**Available data**
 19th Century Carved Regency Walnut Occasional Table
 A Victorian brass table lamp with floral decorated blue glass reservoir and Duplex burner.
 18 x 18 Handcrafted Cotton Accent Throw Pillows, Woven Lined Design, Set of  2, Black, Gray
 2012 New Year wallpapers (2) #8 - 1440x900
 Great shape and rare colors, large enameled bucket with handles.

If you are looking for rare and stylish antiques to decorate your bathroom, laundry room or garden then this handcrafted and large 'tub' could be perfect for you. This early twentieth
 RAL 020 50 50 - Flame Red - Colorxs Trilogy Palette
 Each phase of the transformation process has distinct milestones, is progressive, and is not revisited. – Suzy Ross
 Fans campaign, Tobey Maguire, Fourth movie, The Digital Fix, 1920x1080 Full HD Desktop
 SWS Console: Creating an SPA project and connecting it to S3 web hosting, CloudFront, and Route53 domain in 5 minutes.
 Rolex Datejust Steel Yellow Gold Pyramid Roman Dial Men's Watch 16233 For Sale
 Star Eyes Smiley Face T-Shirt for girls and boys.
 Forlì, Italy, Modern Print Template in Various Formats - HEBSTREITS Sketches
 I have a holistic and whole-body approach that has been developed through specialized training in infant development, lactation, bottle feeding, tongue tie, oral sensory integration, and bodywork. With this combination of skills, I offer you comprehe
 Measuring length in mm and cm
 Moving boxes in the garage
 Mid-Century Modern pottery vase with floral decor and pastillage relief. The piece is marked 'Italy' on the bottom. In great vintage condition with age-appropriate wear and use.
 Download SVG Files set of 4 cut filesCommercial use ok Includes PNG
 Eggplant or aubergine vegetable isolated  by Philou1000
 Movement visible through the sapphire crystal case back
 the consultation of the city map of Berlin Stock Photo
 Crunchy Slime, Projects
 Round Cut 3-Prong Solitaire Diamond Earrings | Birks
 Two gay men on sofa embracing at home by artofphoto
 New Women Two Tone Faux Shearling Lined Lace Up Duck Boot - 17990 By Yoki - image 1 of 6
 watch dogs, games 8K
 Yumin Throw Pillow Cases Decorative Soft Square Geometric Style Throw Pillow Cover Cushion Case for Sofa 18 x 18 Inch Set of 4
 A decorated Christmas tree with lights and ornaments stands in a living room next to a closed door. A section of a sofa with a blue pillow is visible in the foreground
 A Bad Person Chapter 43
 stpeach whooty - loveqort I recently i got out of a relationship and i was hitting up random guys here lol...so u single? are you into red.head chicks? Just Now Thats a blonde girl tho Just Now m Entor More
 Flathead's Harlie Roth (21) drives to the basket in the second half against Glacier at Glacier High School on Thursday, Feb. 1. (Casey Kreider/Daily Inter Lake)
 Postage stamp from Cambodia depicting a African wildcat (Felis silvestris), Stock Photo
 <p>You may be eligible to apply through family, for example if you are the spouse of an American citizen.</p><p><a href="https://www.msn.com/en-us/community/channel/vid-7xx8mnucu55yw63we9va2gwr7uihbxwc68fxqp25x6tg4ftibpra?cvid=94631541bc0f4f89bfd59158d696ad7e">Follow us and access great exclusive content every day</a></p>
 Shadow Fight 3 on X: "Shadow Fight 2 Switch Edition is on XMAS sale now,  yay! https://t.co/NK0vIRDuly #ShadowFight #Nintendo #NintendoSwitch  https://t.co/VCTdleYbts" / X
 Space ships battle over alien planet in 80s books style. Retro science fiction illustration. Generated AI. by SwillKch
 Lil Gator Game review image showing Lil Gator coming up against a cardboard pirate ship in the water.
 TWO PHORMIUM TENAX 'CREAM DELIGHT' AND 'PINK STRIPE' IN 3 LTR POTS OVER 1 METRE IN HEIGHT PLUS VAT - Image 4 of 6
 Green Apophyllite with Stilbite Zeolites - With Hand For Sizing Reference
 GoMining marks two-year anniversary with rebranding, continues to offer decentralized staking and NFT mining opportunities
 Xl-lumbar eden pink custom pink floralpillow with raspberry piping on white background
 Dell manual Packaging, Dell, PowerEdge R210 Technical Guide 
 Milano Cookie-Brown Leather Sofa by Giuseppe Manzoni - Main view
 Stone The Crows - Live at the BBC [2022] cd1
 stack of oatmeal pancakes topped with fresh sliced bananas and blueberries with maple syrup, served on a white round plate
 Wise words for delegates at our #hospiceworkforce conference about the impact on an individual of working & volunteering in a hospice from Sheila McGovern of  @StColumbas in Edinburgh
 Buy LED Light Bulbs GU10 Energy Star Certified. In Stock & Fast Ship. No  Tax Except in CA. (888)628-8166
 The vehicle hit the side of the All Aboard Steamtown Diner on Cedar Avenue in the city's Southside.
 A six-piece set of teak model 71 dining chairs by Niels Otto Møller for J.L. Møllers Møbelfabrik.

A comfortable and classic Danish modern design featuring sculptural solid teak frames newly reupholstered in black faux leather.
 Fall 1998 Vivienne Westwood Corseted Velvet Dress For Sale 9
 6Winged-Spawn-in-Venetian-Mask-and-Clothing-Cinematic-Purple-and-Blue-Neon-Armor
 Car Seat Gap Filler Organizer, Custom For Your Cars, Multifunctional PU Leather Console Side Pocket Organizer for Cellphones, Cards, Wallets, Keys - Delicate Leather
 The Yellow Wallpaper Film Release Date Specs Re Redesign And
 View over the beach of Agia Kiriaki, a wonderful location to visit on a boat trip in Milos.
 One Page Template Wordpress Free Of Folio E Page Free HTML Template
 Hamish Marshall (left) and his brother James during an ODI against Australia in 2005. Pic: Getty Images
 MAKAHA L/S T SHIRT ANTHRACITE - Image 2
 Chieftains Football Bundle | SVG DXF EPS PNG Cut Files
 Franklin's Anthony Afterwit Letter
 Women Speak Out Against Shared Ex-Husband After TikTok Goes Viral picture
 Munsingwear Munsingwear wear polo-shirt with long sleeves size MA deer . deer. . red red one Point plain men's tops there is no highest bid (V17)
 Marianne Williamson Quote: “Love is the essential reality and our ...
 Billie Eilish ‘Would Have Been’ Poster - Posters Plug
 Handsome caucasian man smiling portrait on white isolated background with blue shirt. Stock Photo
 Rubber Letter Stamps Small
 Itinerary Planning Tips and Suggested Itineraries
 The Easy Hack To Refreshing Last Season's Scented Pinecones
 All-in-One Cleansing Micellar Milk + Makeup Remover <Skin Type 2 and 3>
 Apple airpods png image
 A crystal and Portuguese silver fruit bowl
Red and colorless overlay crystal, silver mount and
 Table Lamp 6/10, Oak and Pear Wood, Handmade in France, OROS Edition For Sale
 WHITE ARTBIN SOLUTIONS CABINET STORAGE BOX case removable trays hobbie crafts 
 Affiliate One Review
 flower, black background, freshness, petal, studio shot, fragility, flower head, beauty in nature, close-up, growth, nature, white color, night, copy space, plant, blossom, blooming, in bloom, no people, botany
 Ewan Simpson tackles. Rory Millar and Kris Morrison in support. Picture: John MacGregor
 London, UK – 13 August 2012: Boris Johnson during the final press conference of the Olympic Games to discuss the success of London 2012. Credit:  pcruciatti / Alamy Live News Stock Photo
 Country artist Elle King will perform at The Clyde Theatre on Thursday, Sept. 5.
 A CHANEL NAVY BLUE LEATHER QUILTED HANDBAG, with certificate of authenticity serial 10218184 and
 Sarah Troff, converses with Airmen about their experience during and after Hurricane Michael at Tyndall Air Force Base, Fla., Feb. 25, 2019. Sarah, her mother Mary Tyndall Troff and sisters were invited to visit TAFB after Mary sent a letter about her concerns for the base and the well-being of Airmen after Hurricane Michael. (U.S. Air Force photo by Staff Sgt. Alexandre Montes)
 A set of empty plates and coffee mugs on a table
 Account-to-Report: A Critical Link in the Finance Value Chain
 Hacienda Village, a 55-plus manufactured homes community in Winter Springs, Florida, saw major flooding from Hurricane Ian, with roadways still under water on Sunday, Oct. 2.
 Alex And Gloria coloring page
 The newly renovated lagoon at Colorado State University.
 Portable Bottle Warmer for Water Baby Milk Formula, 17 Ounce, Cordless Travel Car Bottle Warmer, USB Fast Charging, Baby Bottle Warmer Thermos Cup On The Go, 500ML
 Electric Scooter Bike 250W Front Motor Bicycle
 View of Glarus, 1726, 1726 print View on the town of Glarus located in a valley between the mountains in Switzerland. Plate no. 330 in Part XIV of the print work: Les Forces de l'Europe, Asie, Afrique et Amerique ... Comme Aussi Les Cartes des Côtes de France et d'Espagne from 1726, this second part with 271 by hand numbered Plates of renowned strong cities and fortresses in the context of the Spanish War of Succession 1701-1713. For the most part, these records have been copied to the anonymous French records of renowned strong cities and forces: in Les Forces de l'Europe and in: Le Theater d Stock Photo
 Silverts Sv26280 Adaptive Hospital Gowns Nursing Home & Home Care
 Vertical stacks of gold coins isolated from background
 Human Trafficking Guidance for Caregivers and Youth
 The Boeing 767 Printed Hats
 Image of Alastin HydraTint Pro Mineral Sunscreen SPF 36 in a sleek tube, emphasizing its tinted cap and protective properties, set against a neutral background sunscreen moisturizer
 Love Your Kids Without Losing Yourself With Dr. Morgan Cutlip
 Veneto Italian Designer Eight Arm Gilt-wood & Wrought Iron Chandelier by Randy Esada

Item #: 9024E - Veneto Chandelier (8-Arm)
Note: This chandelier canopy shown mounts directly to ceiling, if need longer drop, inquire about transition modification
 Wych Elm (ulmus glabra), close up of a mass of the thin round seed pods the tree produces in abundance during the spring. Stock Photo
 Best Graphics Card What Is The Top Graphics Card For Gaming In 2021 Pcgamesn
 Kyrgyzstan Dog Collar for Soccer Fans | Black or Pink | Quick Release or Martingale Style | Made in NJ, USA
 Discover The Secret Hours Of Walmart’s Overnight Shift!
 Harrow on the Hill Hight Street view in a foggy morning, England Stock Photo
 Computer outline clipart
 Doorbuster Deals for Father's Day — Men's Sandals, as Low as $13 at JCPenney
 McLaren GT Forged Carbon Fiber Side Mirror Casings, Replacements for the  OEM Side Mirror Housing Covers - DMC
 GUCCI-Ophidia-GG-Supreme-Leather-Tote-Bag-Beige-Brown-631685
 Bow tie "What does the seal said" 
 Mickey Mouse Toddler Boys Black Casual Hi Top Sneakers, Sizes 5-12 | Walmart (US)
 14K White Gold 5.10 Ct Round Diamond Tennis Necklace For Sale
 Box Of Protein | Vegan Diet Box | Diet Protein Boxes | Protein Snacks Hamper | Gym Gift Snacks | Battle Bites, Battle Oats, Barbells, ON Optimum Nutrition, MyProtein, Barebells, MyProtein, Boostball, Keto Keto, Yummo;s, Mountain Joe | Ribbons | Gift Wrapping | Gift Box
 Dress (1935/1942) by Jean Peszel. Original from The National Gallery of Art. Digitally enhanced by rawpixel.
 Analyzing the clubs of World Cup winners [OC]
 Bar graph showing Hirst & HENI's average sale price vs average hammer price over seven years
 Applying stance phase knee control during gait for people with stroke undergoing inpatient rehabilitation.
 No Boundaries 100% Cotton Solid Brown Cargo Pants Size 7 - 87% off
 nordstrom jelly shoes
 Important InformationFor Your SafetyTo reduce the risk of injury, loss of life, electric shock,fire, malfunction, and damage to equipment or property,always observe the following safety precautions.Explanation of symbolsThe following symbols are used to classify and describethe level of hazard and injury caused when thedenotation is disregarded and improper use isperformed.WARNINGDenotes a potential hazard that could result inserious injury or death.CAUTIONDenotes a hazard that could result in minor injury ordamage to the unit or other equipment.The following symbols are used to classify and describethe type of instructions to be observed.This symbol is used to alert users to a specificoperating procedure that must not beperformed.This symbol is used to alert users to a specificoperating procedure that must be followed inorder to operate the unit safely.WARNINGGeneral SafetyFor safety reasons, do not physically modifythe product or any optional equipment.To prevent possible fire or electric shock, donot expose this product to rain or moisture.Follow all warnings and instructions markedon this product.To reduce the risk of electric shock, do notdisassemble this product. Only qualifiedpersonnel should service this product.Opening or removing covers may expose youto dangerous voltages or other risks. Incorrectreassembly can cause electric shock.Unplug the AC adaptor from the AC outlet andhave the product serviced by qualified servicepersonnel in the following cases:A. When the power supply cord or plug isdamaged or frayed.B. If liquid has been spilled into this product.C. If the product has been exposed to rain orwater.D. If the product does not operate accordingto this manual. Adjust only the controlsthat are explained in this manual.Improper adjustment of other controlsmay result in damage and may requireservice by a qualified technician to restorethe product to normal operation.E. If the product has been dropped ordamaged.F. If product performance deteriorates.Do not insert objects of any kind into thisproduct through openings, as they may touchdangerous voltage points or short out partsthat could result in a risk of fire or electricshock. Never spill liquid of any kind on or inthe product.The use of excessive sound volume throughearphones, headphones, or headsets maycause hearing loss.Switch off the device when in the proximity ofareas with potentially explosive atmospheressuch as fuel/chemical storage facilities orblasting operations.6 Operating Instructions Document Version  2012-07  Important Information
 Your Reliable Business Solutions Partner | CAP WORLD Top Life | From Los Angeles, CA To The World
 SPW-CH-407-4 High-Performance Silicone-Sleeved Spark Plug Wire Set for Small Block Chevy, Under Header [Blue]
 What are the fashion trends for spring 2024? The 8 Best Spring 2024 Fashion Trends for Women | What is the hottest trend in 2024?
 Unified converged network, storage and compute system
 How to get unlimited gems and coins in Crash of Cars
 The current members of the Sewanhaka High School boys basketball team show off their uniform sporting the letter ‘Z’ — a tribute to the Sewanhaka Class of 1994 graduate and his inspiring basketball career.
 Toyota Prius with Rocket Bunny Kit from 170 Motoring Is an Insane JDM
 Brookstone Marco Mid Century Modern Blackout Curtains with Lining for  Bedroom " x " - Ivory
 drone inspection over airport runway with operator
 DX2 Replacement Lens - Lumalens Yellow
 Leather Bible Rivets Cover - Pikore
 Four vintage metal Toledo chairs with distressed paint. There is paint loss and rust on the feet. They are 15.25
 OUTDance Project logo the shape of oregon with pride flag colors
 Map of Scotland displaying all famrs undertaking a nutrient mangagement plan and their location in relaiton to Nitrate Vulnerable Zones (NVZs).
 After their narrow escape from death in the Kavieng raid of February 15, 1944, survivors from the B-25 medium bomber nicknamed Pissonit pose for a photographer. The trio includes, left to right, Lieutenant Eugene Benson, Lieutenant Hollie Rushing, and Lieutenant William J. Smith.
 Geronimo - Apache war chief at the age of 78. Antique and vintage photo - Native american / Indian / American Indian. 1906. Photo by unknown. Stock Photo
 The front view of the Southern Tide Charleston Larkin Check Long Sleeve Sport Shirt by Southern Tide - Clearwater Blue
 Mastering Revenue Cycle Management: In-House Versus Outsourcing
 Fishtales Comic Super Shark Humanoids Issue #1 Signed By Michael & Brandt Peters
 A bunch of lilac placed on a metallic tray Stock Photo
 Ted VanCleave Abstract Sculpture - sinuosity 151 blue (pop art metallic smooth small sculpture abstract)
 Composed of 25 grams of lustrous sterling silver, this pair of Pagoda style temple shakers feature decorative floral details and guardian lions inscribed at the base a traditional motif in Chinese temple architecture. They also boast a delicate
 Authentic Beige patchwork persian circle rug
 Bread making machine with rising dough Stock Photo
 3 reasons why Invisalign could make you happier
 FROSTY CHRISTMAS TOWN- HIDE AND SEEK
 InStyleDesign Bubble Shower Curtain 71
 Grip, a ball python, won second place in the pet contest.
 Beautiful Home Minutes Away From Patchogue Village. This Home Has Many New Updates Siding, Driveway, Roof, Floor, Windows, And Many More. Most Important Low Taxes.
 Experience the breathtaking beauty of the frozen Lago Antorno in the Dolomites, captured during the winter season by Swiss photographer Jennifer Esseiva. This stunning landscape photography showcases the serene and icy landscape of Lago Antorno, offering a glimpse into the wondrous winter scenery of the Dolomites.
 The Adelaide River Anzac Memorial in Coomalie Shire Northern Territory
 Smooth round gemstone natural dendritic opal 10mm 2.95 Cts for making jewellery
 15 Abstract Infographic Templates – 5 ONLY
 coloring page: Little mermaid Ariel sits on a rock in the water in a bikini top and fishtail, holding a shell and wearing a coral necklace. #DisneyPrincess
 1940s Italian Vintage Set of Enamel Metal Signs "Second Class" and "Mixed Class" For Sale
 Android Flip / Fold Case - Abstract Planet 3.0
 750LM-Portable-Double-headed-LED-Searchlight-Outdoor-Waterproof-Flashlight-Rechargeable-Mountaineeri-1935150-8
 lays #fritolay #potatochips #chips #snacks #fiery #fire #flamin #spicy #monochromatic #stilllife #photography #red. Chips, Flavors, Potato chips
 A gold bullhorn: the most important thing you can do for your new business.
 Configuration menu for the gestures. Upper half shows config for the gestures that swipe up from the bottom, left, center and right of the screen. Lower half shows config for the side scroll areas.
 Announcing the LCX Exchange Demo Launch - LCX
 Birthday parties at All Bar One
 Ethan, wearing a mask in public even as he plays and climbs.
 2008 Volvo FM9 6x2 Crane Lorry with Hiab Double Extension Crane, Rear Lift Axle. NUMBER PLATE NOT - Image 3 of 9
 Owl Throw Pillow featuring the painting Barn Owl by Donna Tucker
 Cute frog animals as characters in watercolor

**Exercise**
For the listing above, print only the lines starting at the line containing "OUTDance Project logo" and ending at the line containing "Map of Scotland", exactly, both included.

**Written response**
 OUTDance Project logo the shape of oregon with pride flag colors
 Map of Scotland displaying all famrs undertaking a nutrient mangagement plan and their location in relaiton to Nitrate Vulnerable Zones (NVZs).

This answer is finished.